My husband and I just completed the Chevron Houston Marathon and have really enjoyed our training runs leading up to the big race. We also just got a puppy and we’d love to take our new addition along with us on our runs. Is this advisable?
Ready to Run in Garden Oaks
Dear Ready to Run,
Congratulations on your marathon and your new canine addition! I’m sure, with all of that manic puppy energy in your home, you’re eager to find ways to help your puppy exercise. Since you’re both runners, taking the puppy along on your runs seems like a logical way to spend time with your pup and fit in your runs. Well, hold your horses a bit: Vets agree that dogs shouldn’t go jogging until their growth plates have closed.
Dogs grow a lot in their first year, especially large breeds. Their bones and joints are remodeling as they continue to grow. (Certain breeds like Shih Tzus, Corgis, and Basset Hounds are predisposed to premature growth plate closure.) To accommodate the growth of your growing puppy the cartilage and bones are soft and contain many extra blood vessels.
Since the growth plates are softer than other parts of the bones they’re more prone to injury. Trauma to a puppy’s growth plate can lead to severe bone deformities. Being dropped, hit by a car, or vigorous activity injuries in puppies should be diagnosed and treated quickly.

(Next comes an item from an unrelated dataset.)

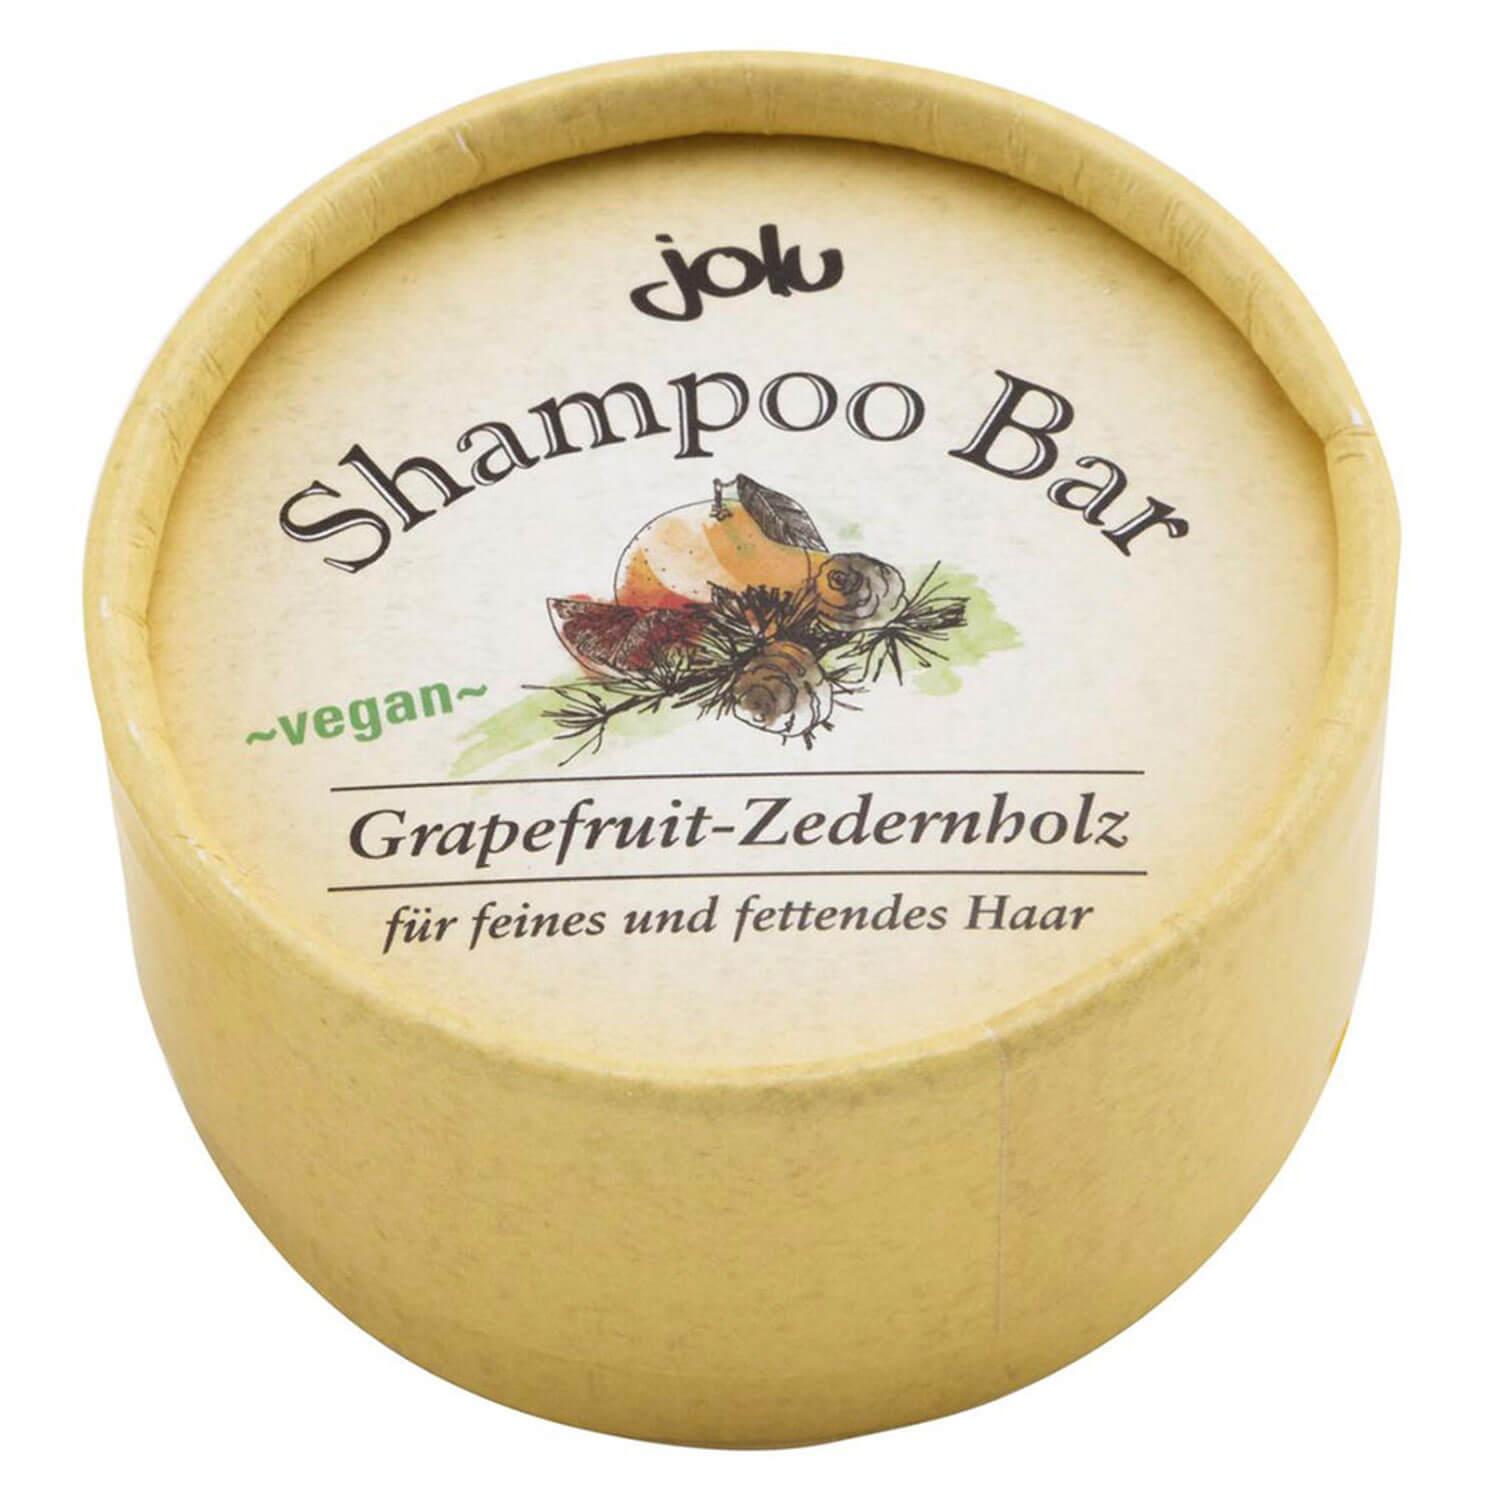 jolu - Shampoo Bar Grapefruit Cedarwood

The age at which the growth plates completely mature is different depending on the breed. Most of your dog’s growth will happen between 4 and 8 months of age. Large and giant breeds mature much slower–they might not be fully developed until 18 months of age. But, it’s best to check with your veterinarian to find out when your puppy has reached maturity. An x ray can be performed if you want to know for sure that their growth plates have closed.
As for alternative ways to exercise your puppy, many breeders suggest a “five minute rule.” The five minute rule states that puppies should have 5 minutes of organized exercise per day for every month of his age. So a 8 week old puppy should be getting 10 minutes a day. Organized exercises are activities that you control, such as brief walks and training sessions. With a little creativity, you should be able to come up with fun ways to exercise your pup and slowly incorporate running into your plans.